How to complete this task: Please repeat exactly the lines below from the line with "DUX Dental Flat" to the line with "小狗, 阿拉斯加雪橇犬, 品种的狗, 萨哈林赫斯基, Saarloos那只狼狗", including both, and leave out every picture.
***** Dataset extract
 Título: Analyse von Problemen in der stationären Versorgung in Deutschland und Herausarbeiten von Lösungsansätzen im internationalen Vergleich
**********
***** Dataset extract
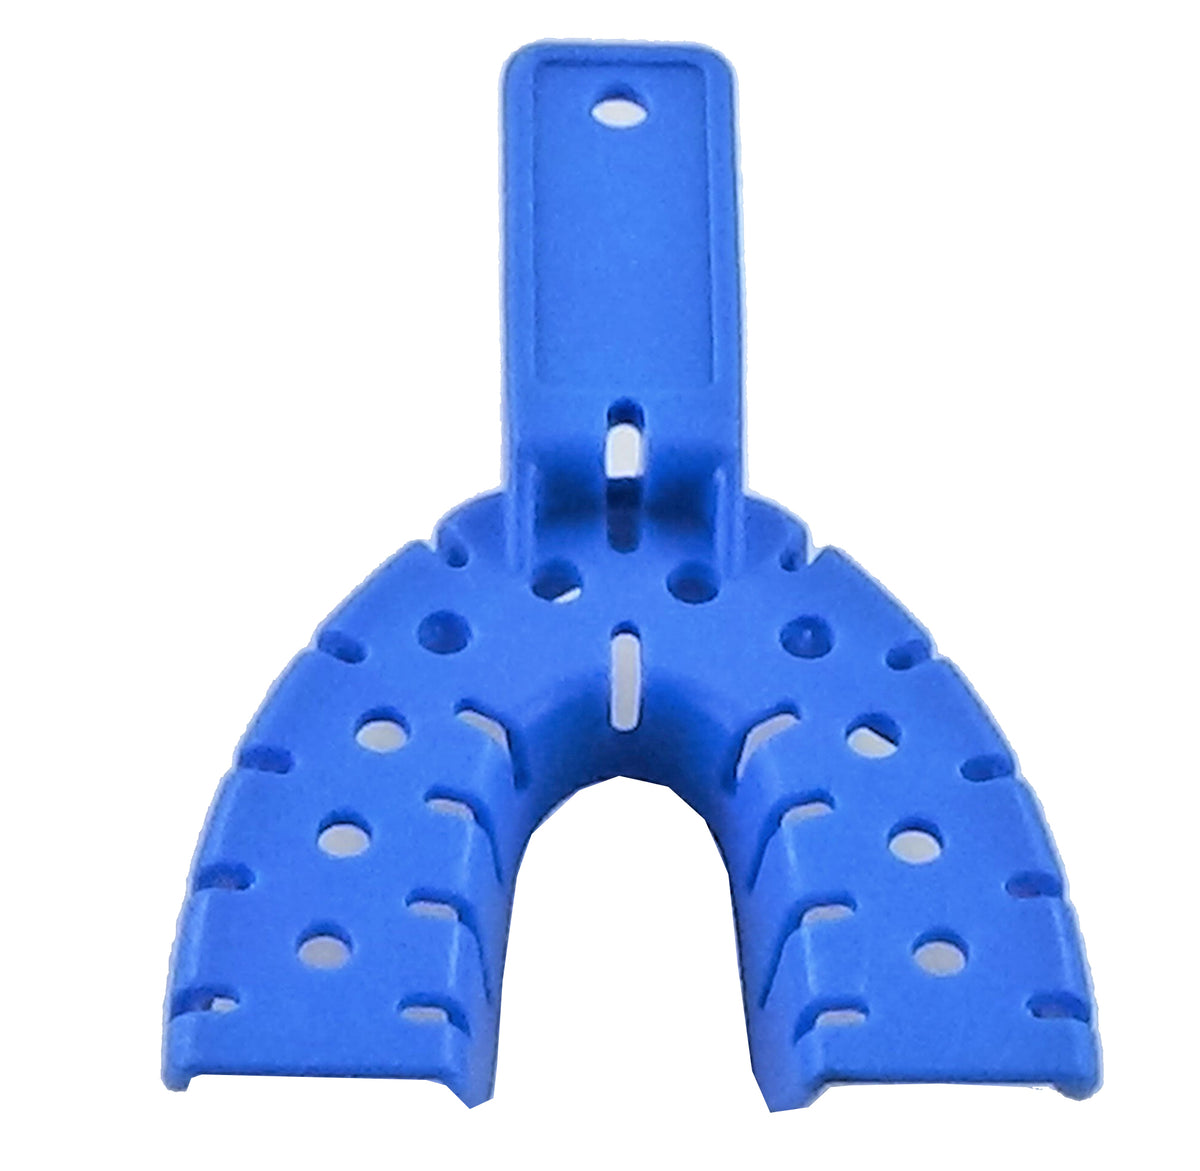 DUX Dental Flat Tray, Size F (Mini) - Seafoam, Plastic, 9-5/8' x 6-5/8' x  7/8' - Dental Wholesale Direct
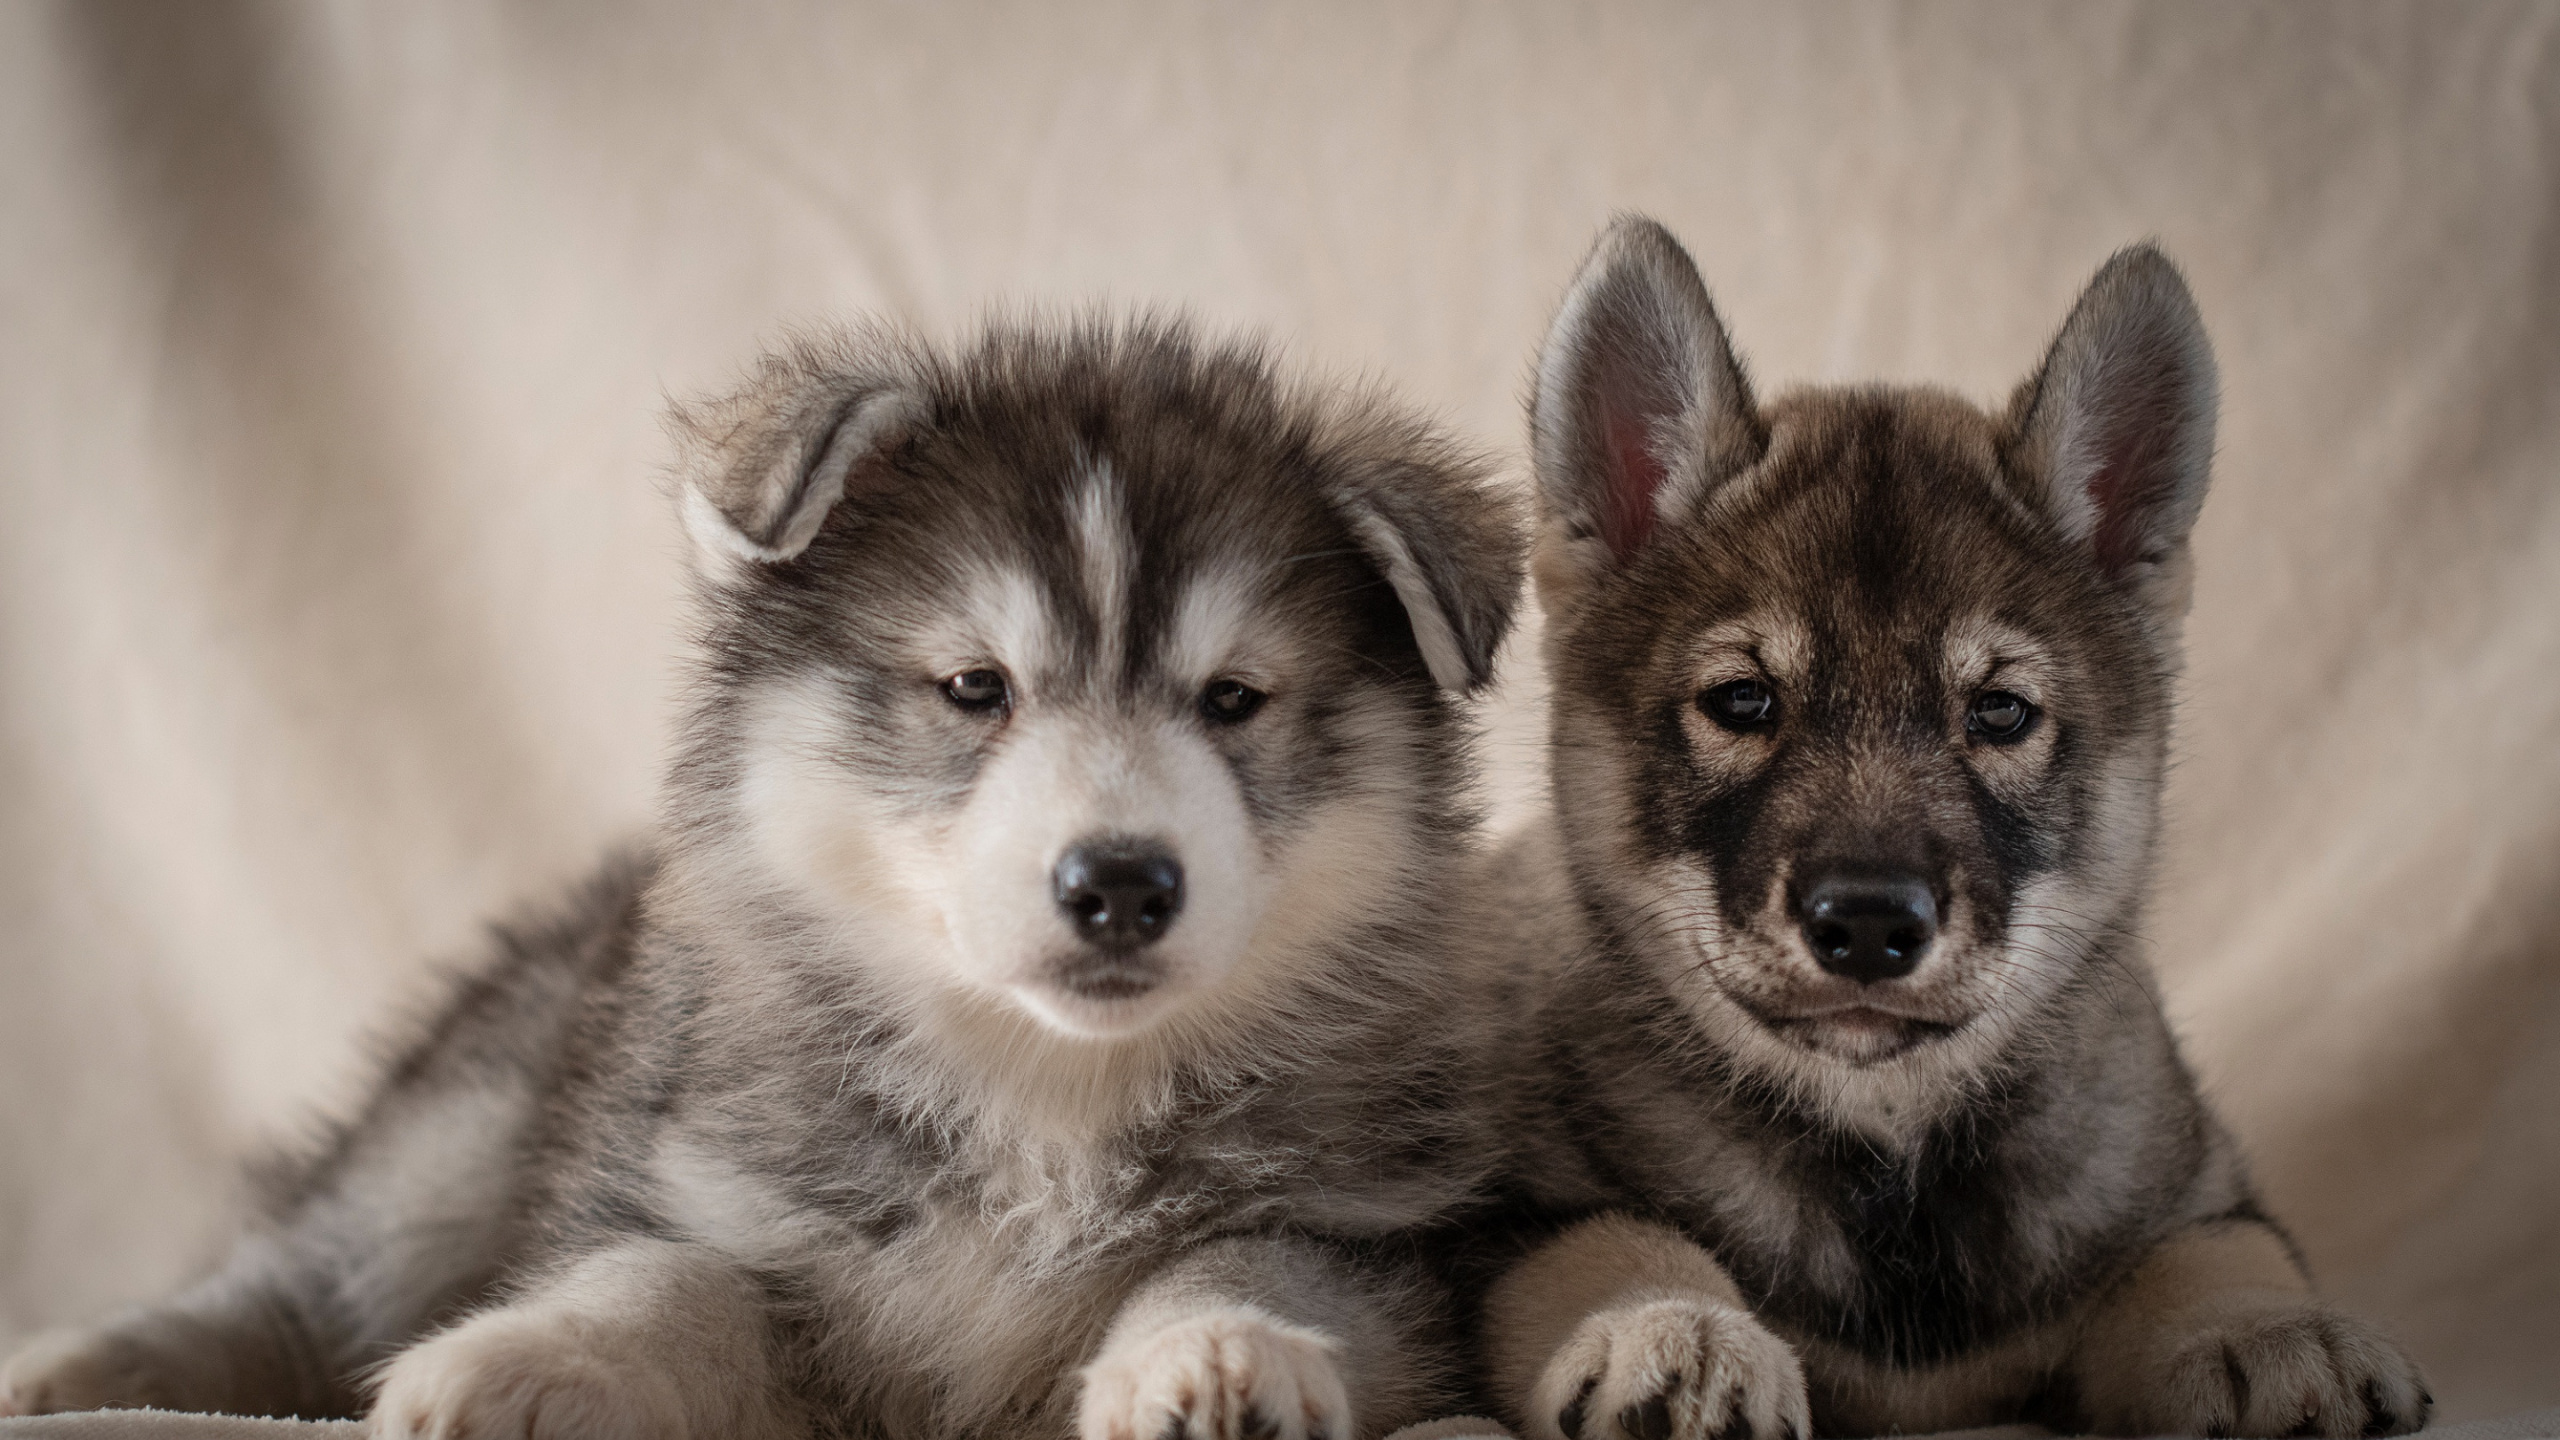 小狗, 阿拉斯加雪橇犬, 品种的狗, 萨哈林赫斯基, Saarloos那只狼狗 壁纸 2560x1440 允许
**********
***** Dataset extract
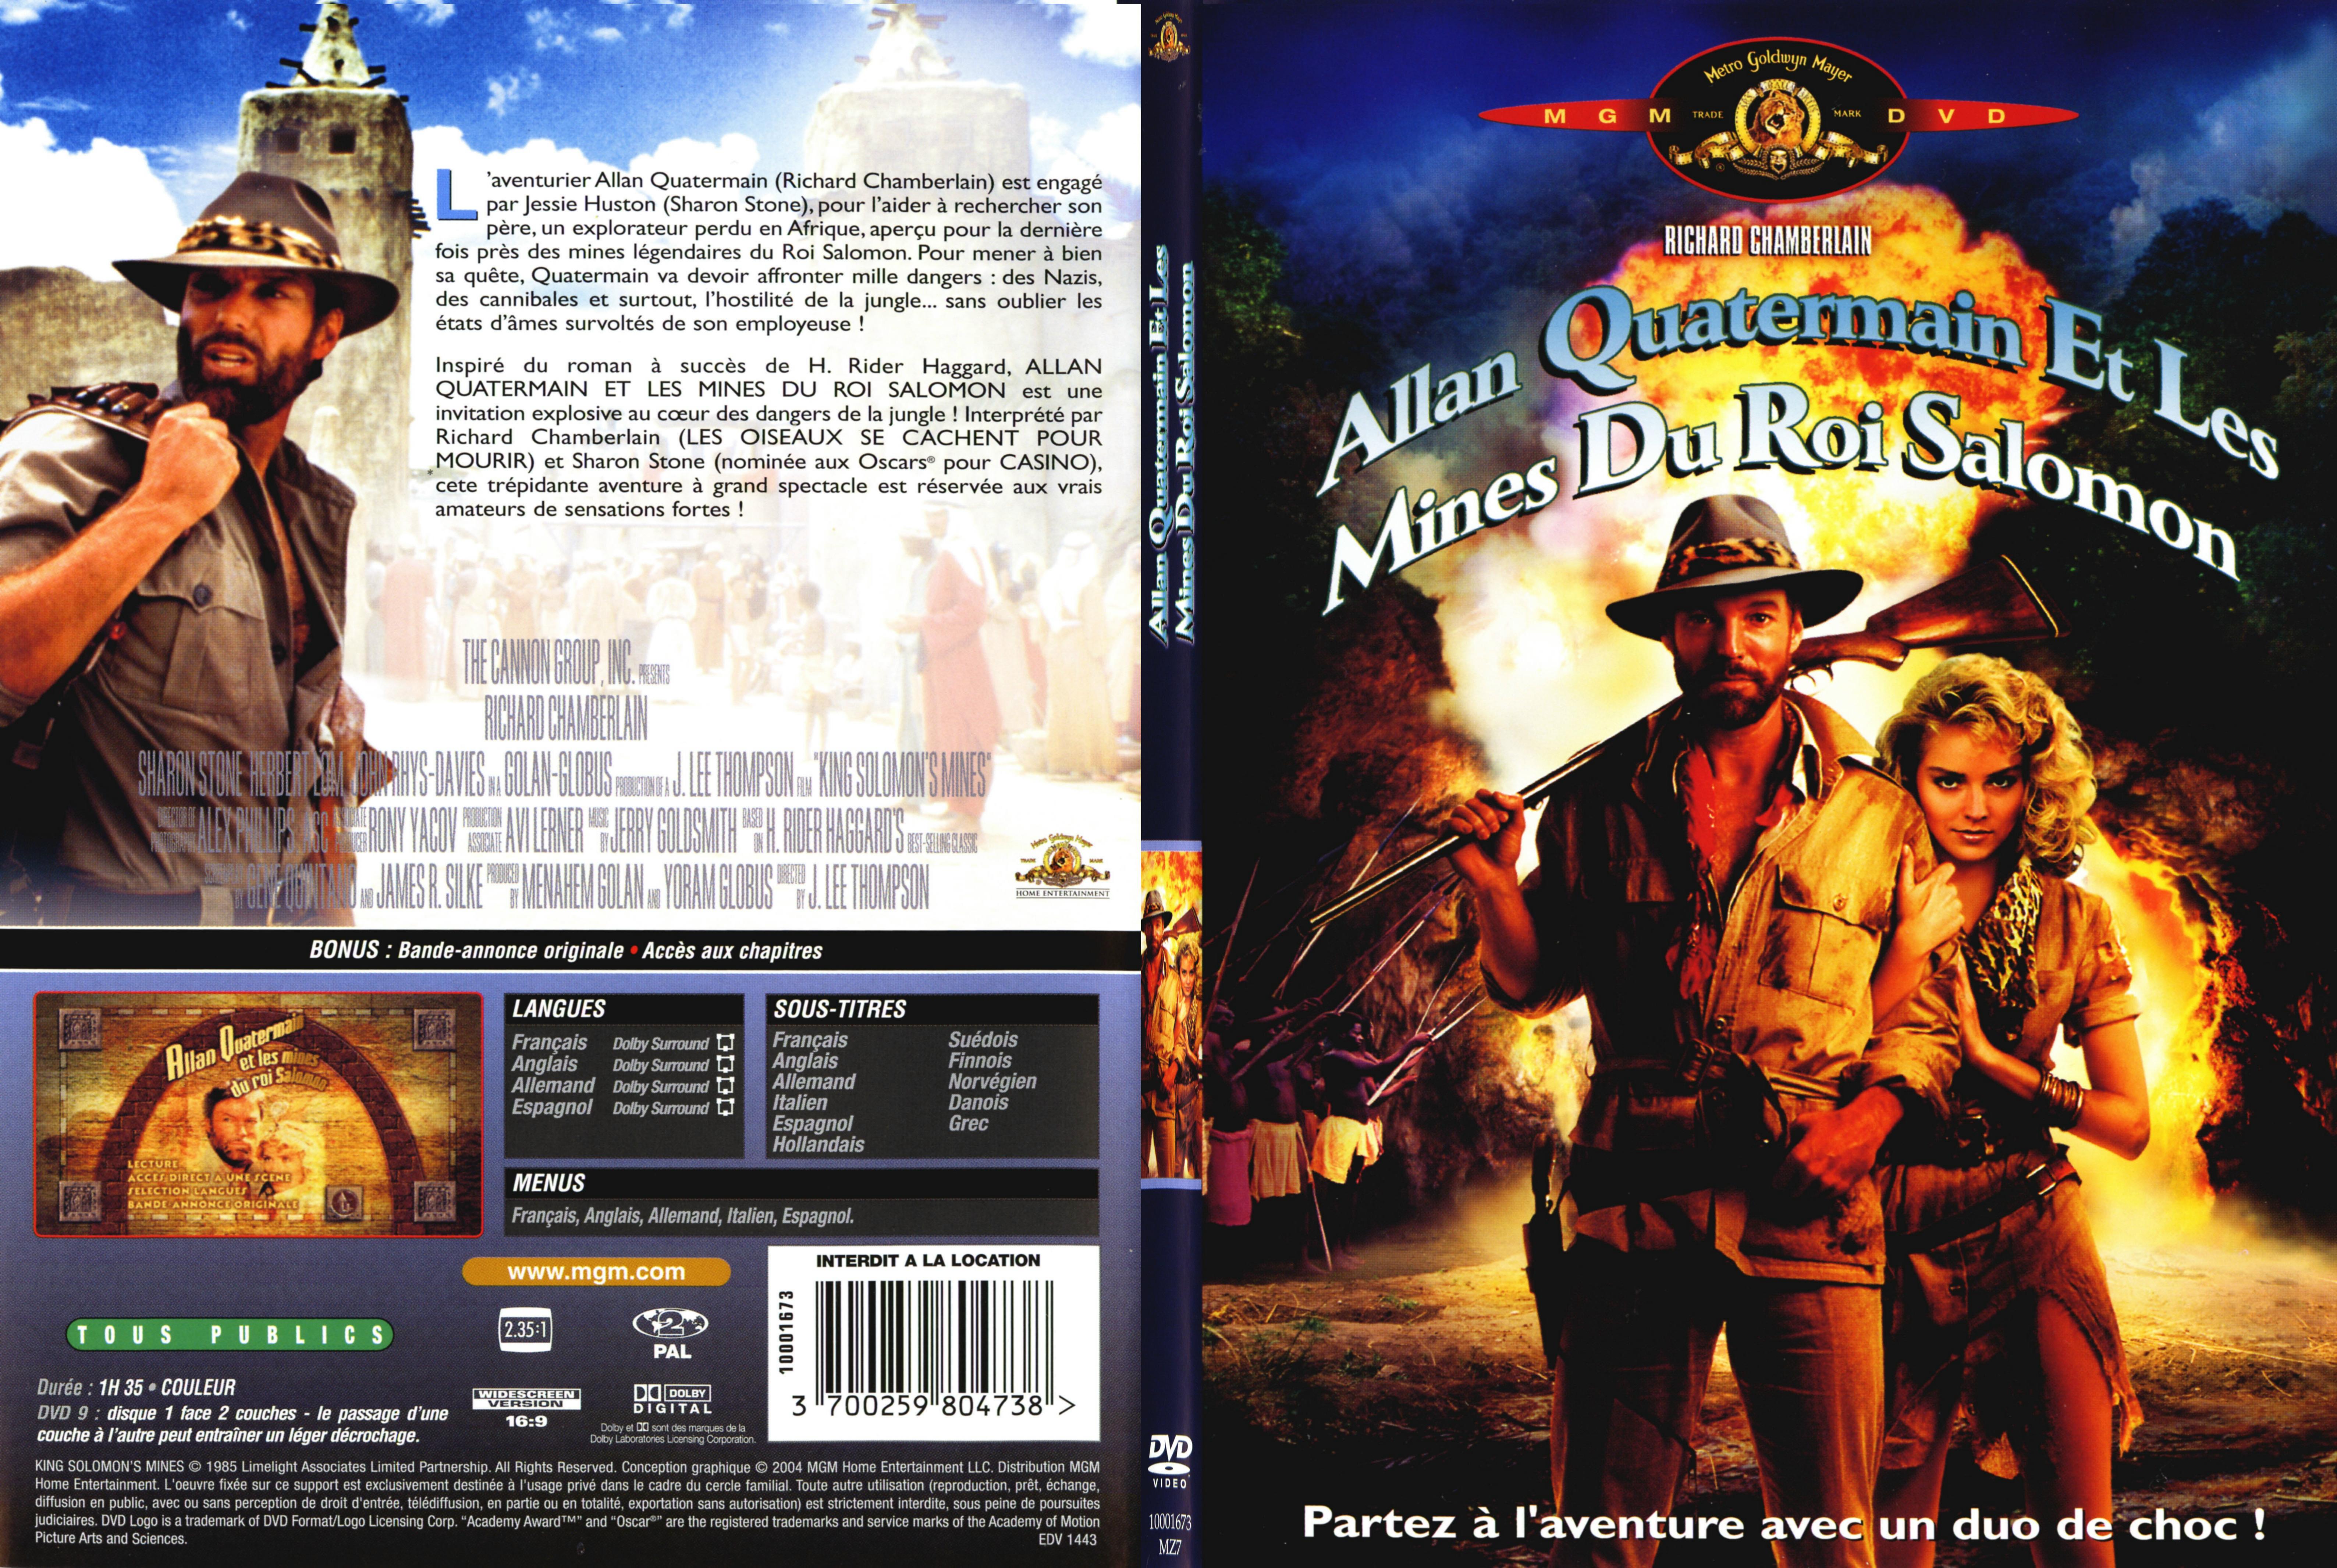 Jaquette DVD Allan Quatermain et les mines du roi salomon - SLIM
**********
Answer section:
 DUX Dental Flat Tray, Size F (Mini) - Seafoam, Plastic, 9-5/8' x 6-5/8' x  7/8' - Dental Wholesale Direct
 小狗, 阿拉斯加雪橇犬, 品种的狗, 萨哈林赫斯基, Saarloos那只狼狗 壁纸 2560x1440 允许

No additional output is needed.